The transport layer segments and reassembles data into a data stream. The boundary between the session layer and the transport layer can be thought of as the boundary between media-layer protocols and host-layer protocols. Whereas the application, presentation, and session layers are concerned with application issues, the lower three layers are concerned with data transport issues.

The transport layer attempts to provide a data transport service that shields the upper layers from transport implementation details. Specifically, issues such as how reliable transport over an internetwork is accomplished are the concern of the transport layer. In providing reliable service, the transport layer provides mechanisms for the establishment, maintenance, and orderly termination of virtual circuits, transport fault detection and recovery, and information flow control, to prevent one system from overrunning another with data. If you want to remember Layer 4 in as few words as possible, think of quality of service, and reliability.

Layer 3: The network layer

The network layer is a complex layer that provides connectivity and path selection between two end systems that may be located on geographically diverse networks. You'll learn more about Layer 3 in Chapter 3, 'Networking Devices.' If you want to remember Layer 3 in as few words as possible, think of path selection, switching, addressing, and routing.

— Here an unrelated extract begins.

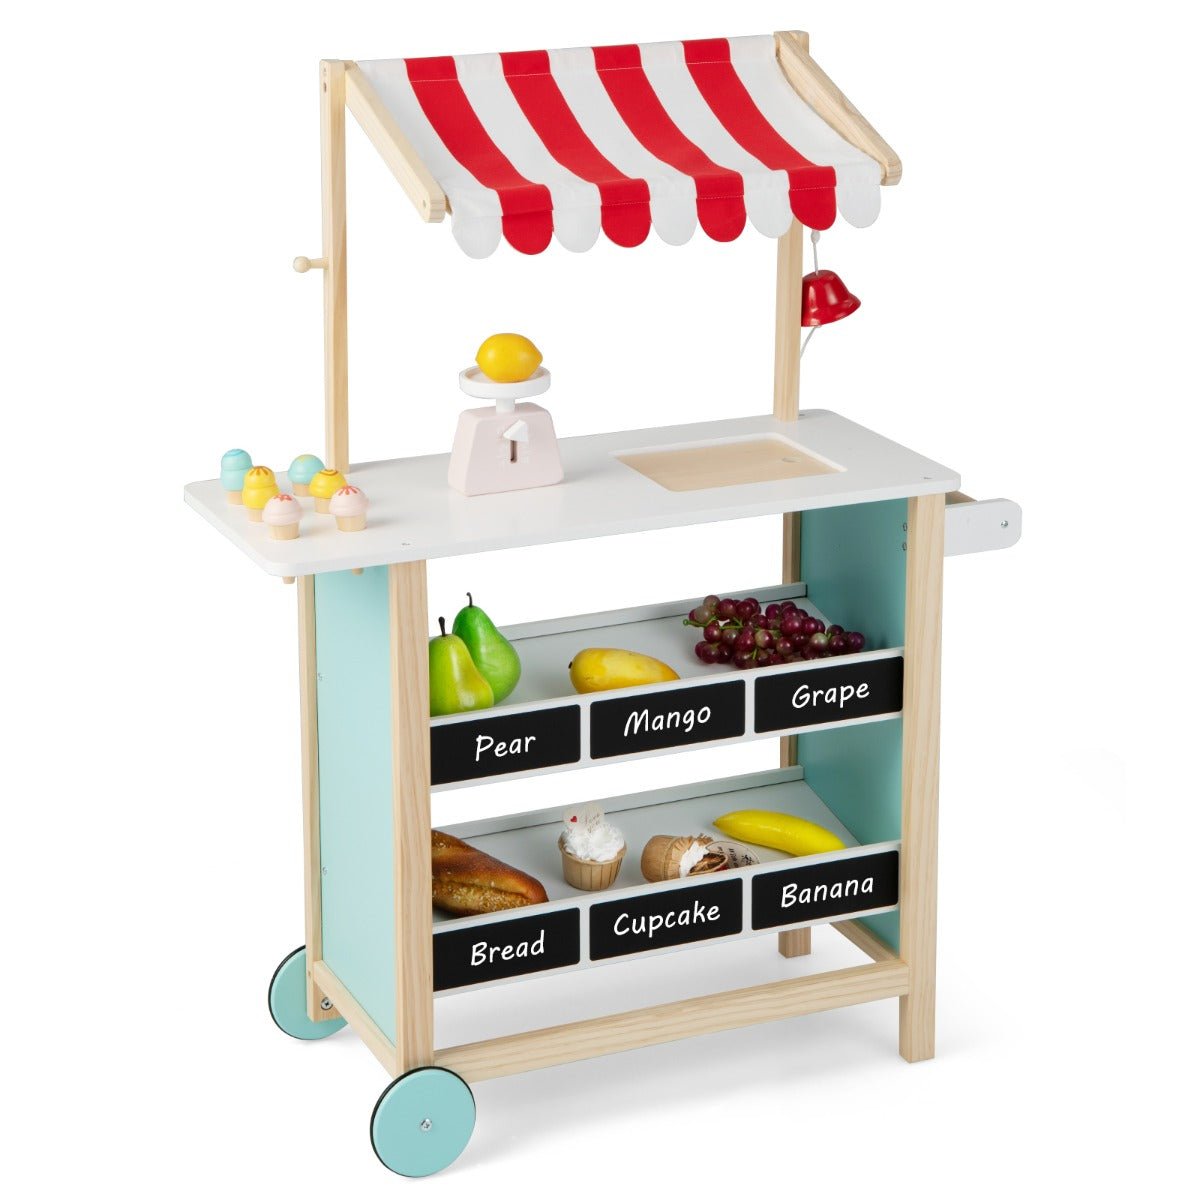 Imagination on Wheels: Kids Wooden Ice Cream Cart with Chalkboard & Storage

Layer 2: The data link layer

The data link layer provides reliable transit of data across a physical link. In so doing, the data link layer is concerned with physical (as opposed to network, or logical) addressing, network topology, line discipline (how end systems use the network link), error notification, ordered delivery of frames, and flow control. If you want to remember Layer 2 in as few words as possible, think of naming, framing, and of media access control.

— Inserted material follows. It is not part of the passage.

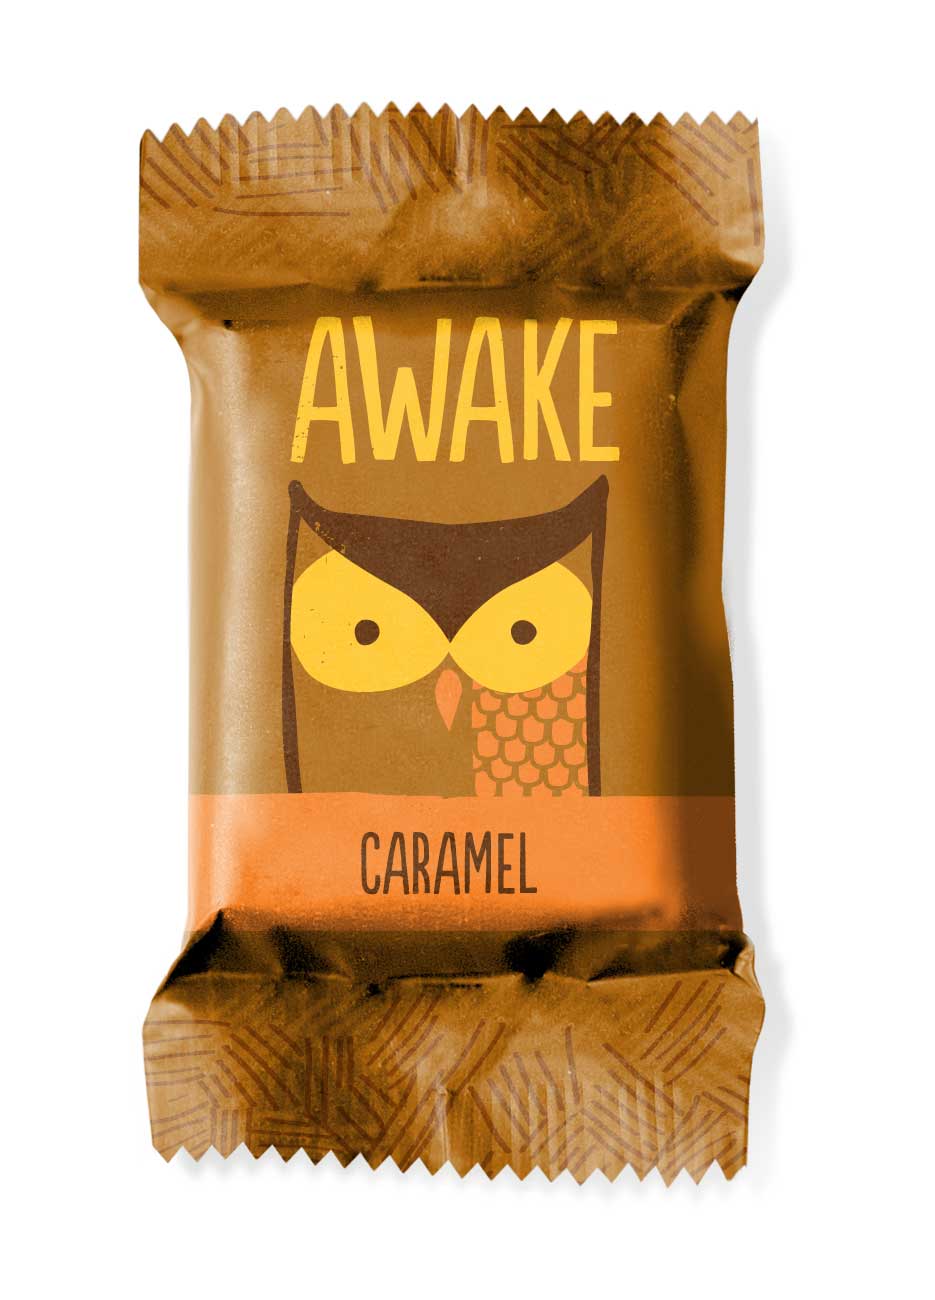 Awake Singles Caramel Caffeinated Chocolate Bites 0.58 Oz Bar

Layer 1: The physical layer

The physical layer defines the electrical, mechanical, procedural, and functional specifications for activating, maintaining, and deactivating the physical link between end systems. Such characteristics as voltage levels, timing of voltage changes, physical data rates, maximum transmission distances, physical connectors, and other, similar, attributes are defined by physical layer specifications. If you want to remember Layer 1 in as few words as possible, think of signals and media.


https://www.rad.com/networks/1997/nettut/protocols.html#OSI7


https://www.rad.com/networks/1997/nettut/protocols.html#OSI7

2.2.4.1.    Define encapsulation.
Encapsulation allows computers to communicate data. You know that all communications on a network originate at a source, and are sent to a destination, and that the information that is sent on a network is referred to as data or data packets. If one computer (host A) wants to send data to another computer (host B), the data must first be packaged by a process called encapsulation. Then, as the data moves down through the layers of the OSI model, it receives headers, footers, and other information. Examine the layer diagrams to see how encapsulation occurs. (Note: The word 'header' means that address information has been added.

As networks perform their services for users, the packaging and flow of the information that is exchanged goes through changes. The following example of encapsulation illustrates the five conversion steps that networks must perform.

  1. Build the data. As a user sends an e-mail message, its alphanumeric characters are converted to data that can traverse the internetwork.

  1. Package the data for end-to-end transport. The data is packaged for internetwork transport. By using segments, the transport function ensures that the message hosts at both ends of the e-mail system can reliably communicate.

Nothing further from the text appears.